Ardern herself continues to inaccurately claim a ‘partnership’ as the basis for the preferential funding and racist positioning advanced in He Paupua – the initially heavily-redacted government document with the incomprehensible title providing special governing and economic advantages for activist part-Maori. Although the Prime Minister denies having actually read its proposals, her ministers  are already implementing its provisions – such as prior control of our health system by part-Maori representatives – and their unwarranted authority over the whole country’s water and other basic infrastructures.

Yet when Don Brash, both a former National party leader and Governor of the Reserve Bank, wrote to ask her directly why she and her ministers constantly refer to the ‘partnership’ created by the Treaty of Waitangi, pointing out there was no mention of a partnership, or any synonym of partnership, in any version of the treaty, our Prime Minister predictably dodged his question, fobbing him off by referring it to another minister.

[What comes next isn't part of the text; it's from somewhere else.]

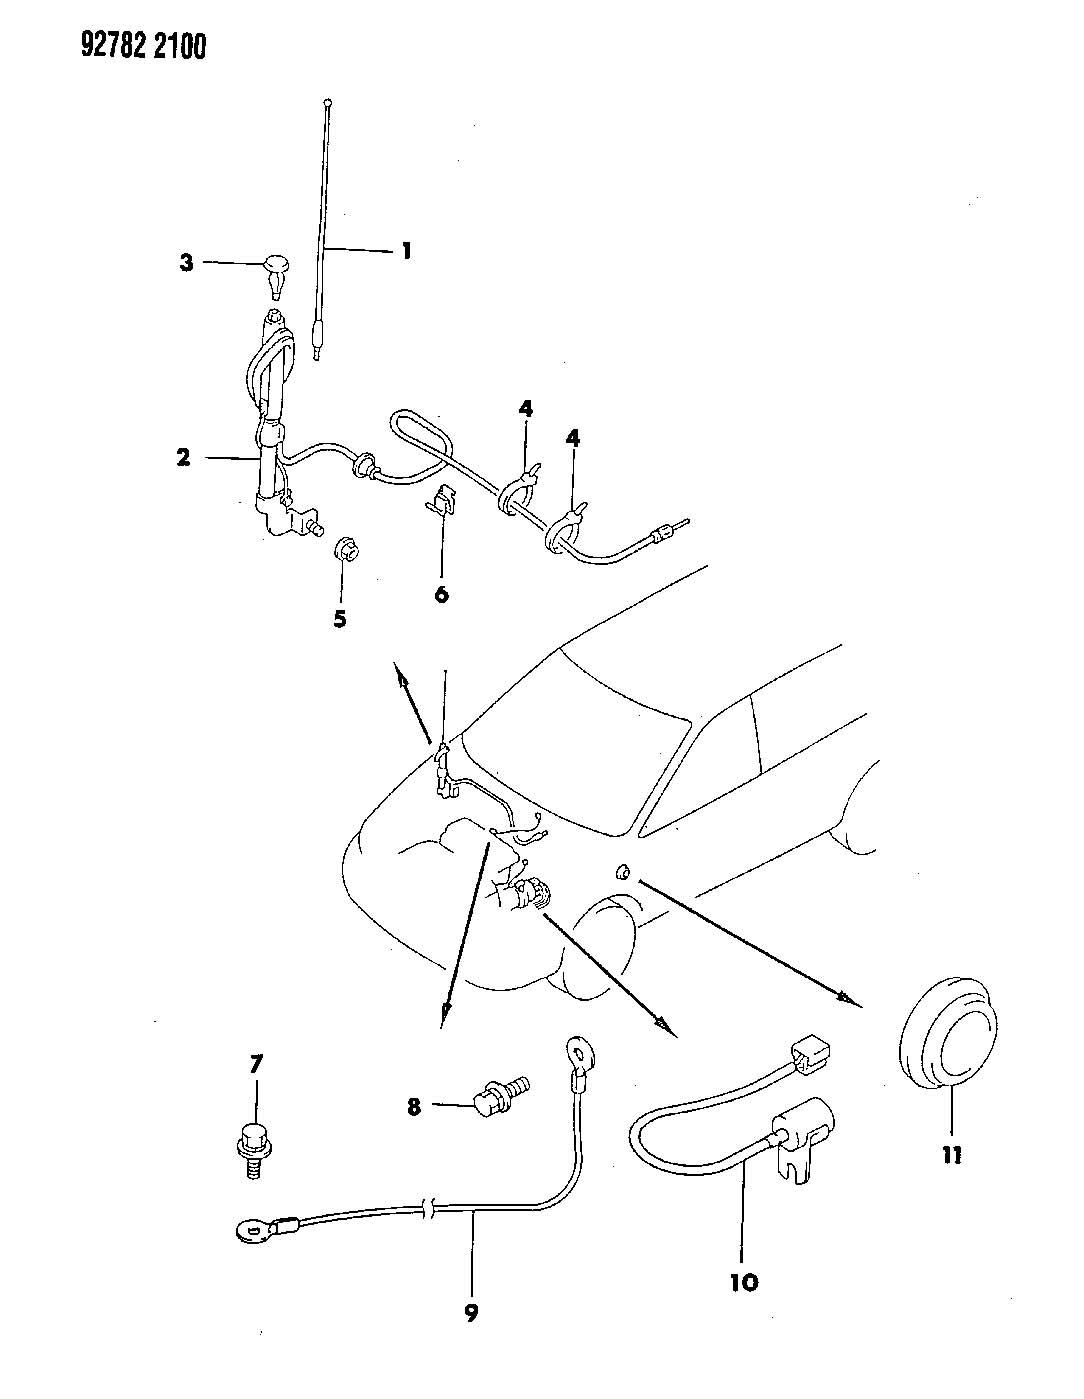 1999 Chrysler Sebring Clip. Antenna. (5.4). Insulators
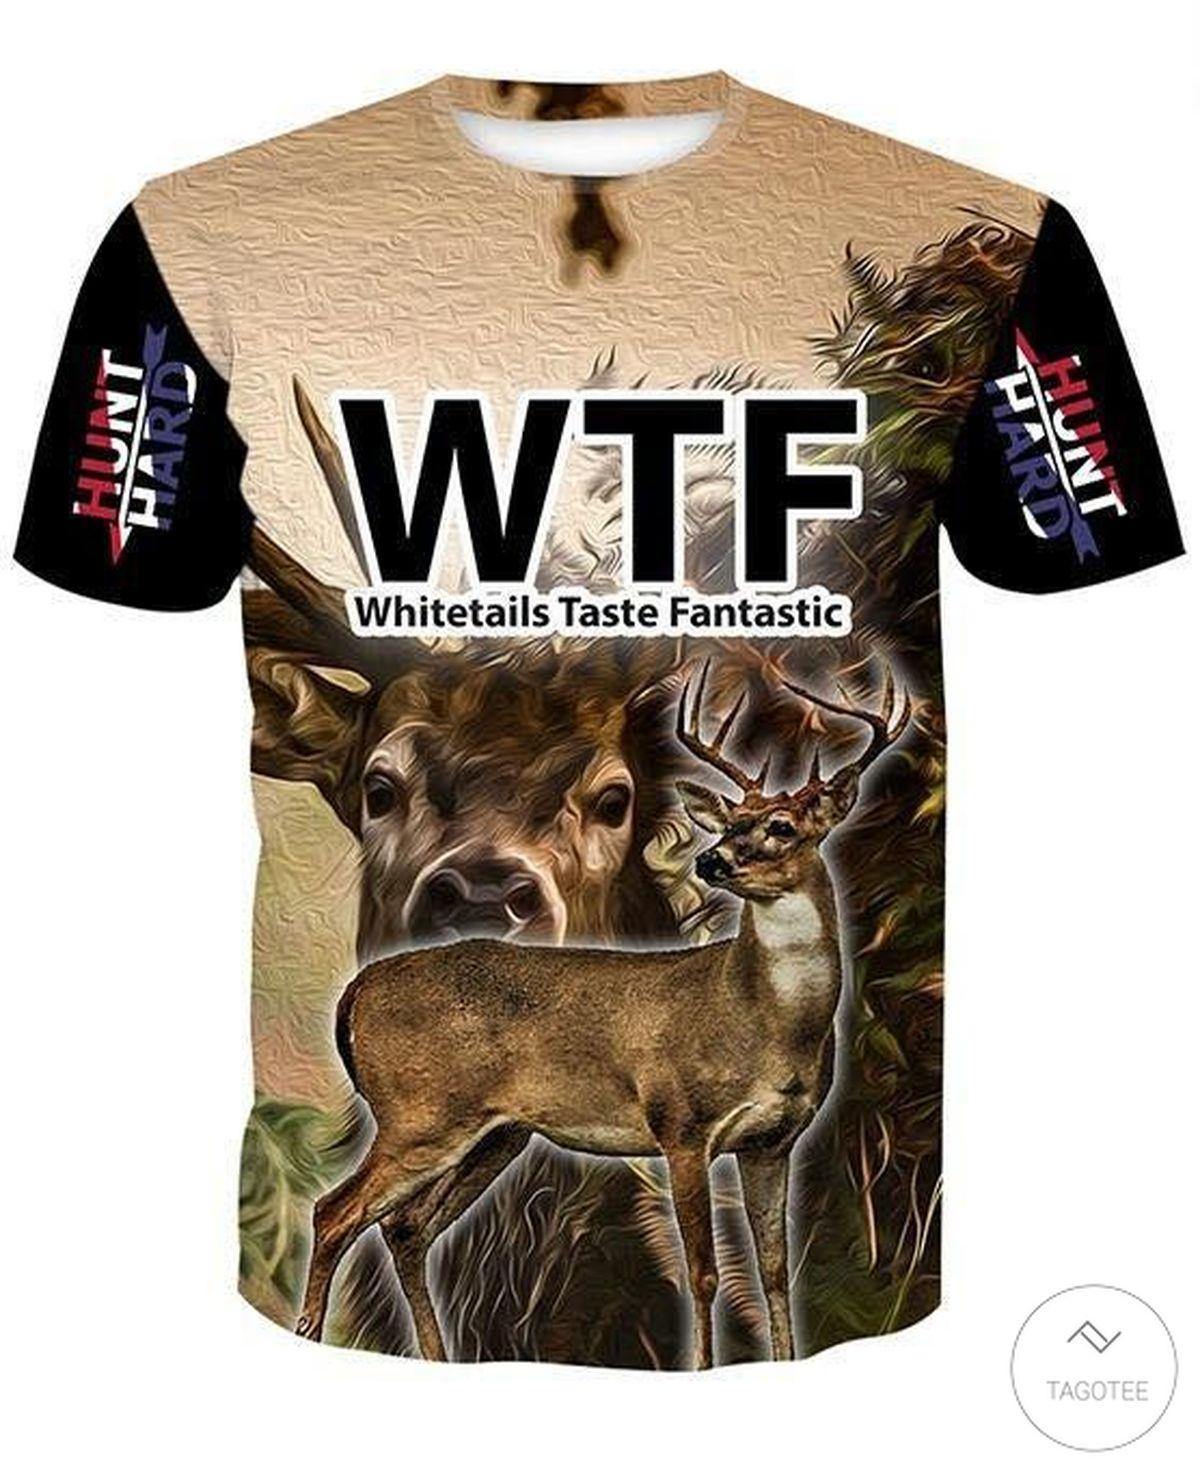 WTF Whitetails Taste Fantastic 3D T-shirt

A recent poll obligingly unpublished by our mainstream media shows Ardern’s popularity plummeting. It will not be helped by her bypassing New Zealander of the Year Mike King’s highly respected mental health outreach in favour of handing $2.75 million to a Mongrel Mob-led rehabilitation programme to address drug dependency. One of its directors is a long-time Mongrel Mob member shown in a video a year ago in full Mob regalia encouraging his members to re-elect the Labour government.

That taxpayer support is being given to a gang notorious for its drug-peddling and money-laundering activities has created a public outcry. However, awareness is now dawning that a high-aiming, hard-Left and agenda-driven Ardern may have other fish to fry, and little to personally lose, after an eventual electoral defeat.